Now what about $f$ ? Well, $f$ is optimized both to enable predicting $z_{1}$ from $f (x)$ and predicting $z_{2}$ from $f (x), z_{1}$ . Therefore, if resources are relevantly constrained in some way (e.g., the model computing $f$ is small, or the output of $f$ is forced to be small), $f$ will sometimes sacrifice performance on one to improve performance on the other. So, adapting a paragraph from the post: The trained model for $f$ (and thus in some sense the overall model) can and will sacrifice accuracy on $z_{1}$ to achieve better accuracy on $z_{2}$ . In particular, we should expect trained models to find an efficient tradeoff between accuracy on $z_{1}$ and accuracy on $z_{2}$ . When $z_{1}$ is relatively easy to predict, $f$ will spend most of its computation budget on predicting $z_{2}$ .

So, $f$ is not "Type 2" myopic. Or perhaps put differently: The calculations going into predicting $z_{1}$ aren't optimized purely for predicting $z_{2}$ .

However, $f$ is still "Type 3" myopic. Because the prediction made by $g_{1}$ isn't fed (in training) as an input to $g_{2}$ or the loss, there's no pressure towards making $f$ influence the output of $g_{1}$ in a way that has anything to do with $z_{2}$ . (In contrast to the myopia of $g_{1}$ , this really does hinge on not using $g_{2} (f (x), g_{1} (f (x)))$ in training. If $g_{2} (f (x), g_{1} (f (x)))$ mattered in training, then there would be pressure for $f$ to trick $g_{1}$ into performing calculations that are useful for predicting $z_{2}$ . Unless you use stop-gradients...)

* This comes with all the usual caveats of course. In principle, the inductive bias may favor a situationally aware model that is extremely non-myopic in some sense.

This means that the model can and will implicitly sacrifice next-token prediction accuracy for long horizon prediction accuracy.

Are you claiming this would happen even given infinite capacity?
If so, can you perhaps provide a simple+intuitive+concrete example?

This means that the model can and will implicitly sacrifice next-token prediction accuracy for long horizon prediction accuracy.

Are you claiming this would happen even given infinite capacity?

I think that janus isn't claiming this and I also think it isn't true. I think it's all about capacity constraints. The claim as I understand it is that there are some intermediate computations that are optimized both for predicting the next token and for predicting the 20th token and that therefore have to prioritize between these different predictions.

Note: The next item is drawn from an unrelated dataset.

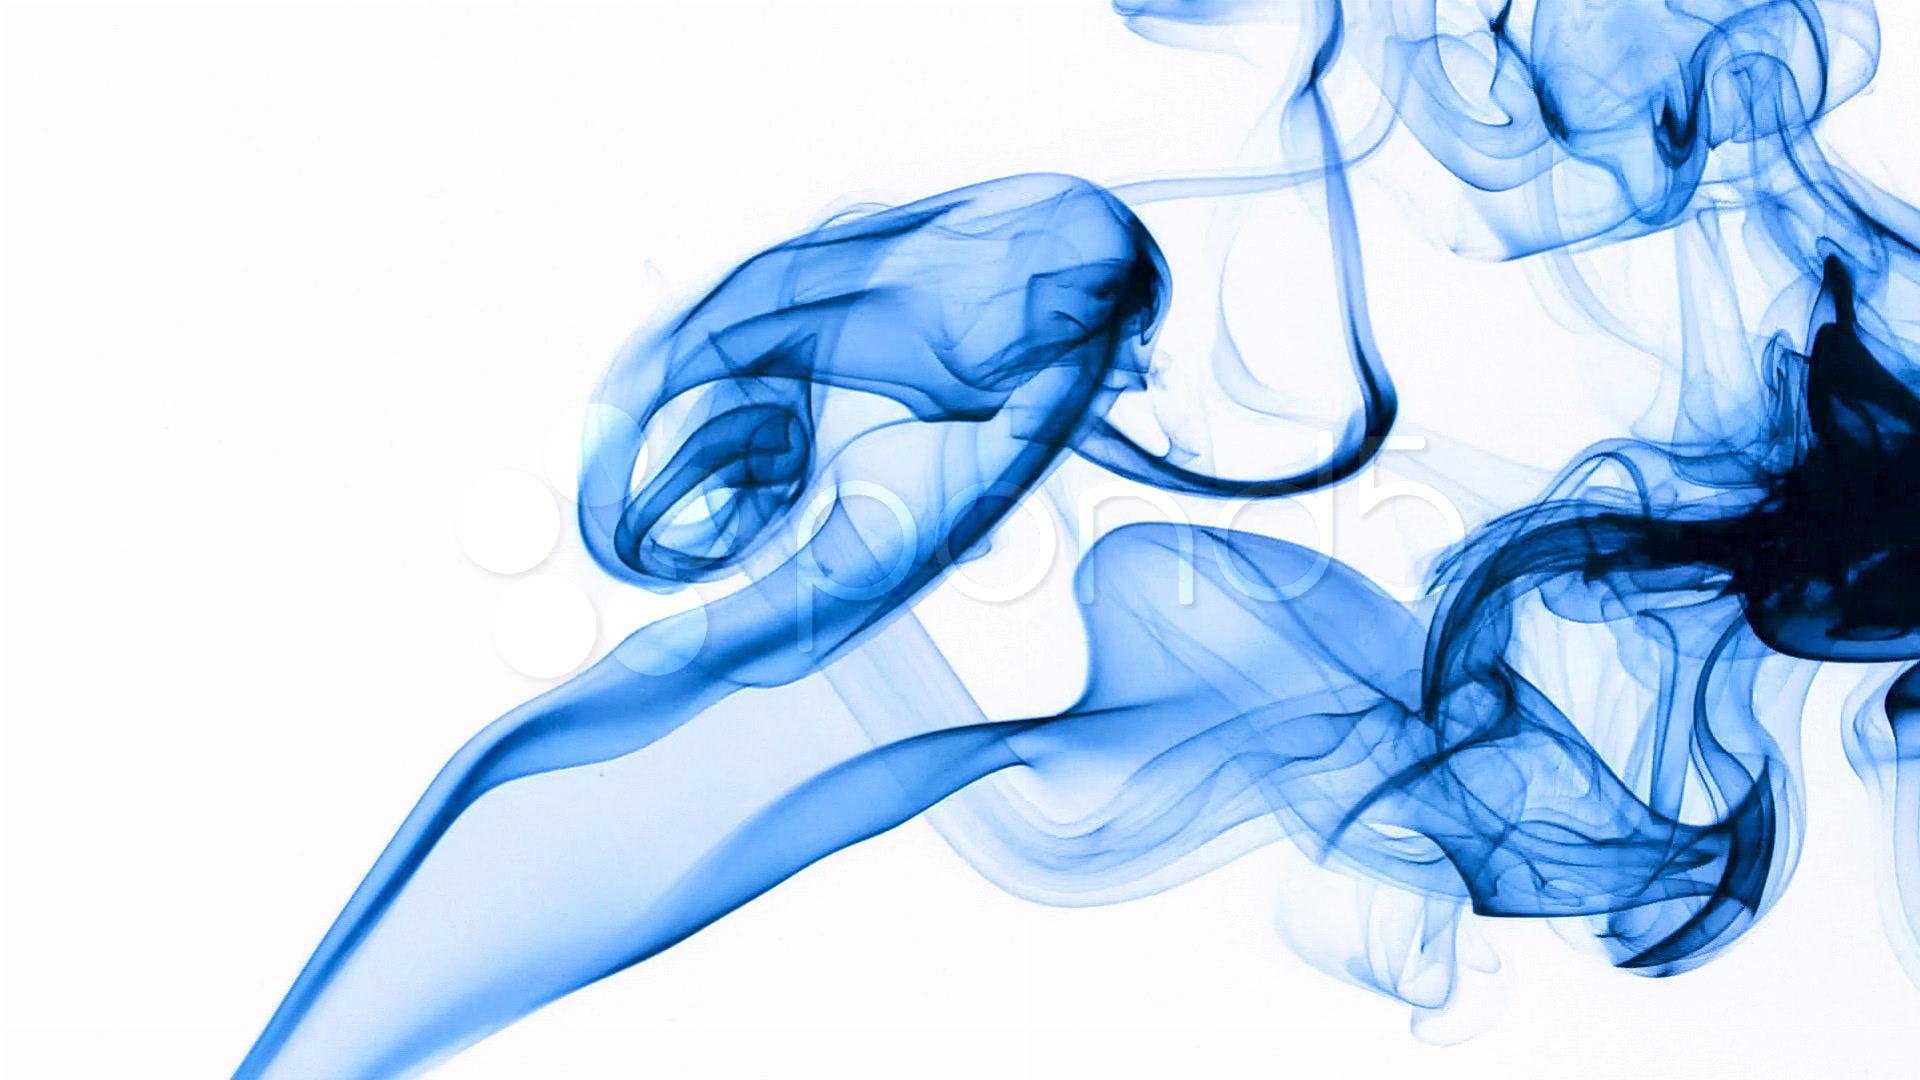 Blue smoke ~ SD, HD, & 4K Stock Footage #315533   Pond5

In my experience, larger models often become aware that they are a LLM generating text rather than predicting an existing distribution. This is possible because generated text drifts off distribution and can be distinguished from text in the training corpus.

I'm quite skeptical of this claim on face value, and would love to see examples.

I'd be very surprised if current models, absent the default prompts telling them they are an LLM, would spontaneously output text predicting they are an LLM unless steered in that direction.

I can vouch that I have had the same experience (but am not allowed to share outputs of the larger model I have in mind). First encountered via curation without intentional steering in that direction, but I would be surprised if this failed to replicate with an experimental setup that selects completions randomly without human input. Let me know if you have such a setup in mind that you feel is sufficiently rigorous to act as a crux.

If you can come up with an experimental setup that does that it would be sufficient for me.

Many users of base models have noticed this phenomenon, and my SERI MATS stream is currently working on empirically measuring it / compiling anecdotal evidence / writing up speculation concerning the mechanism.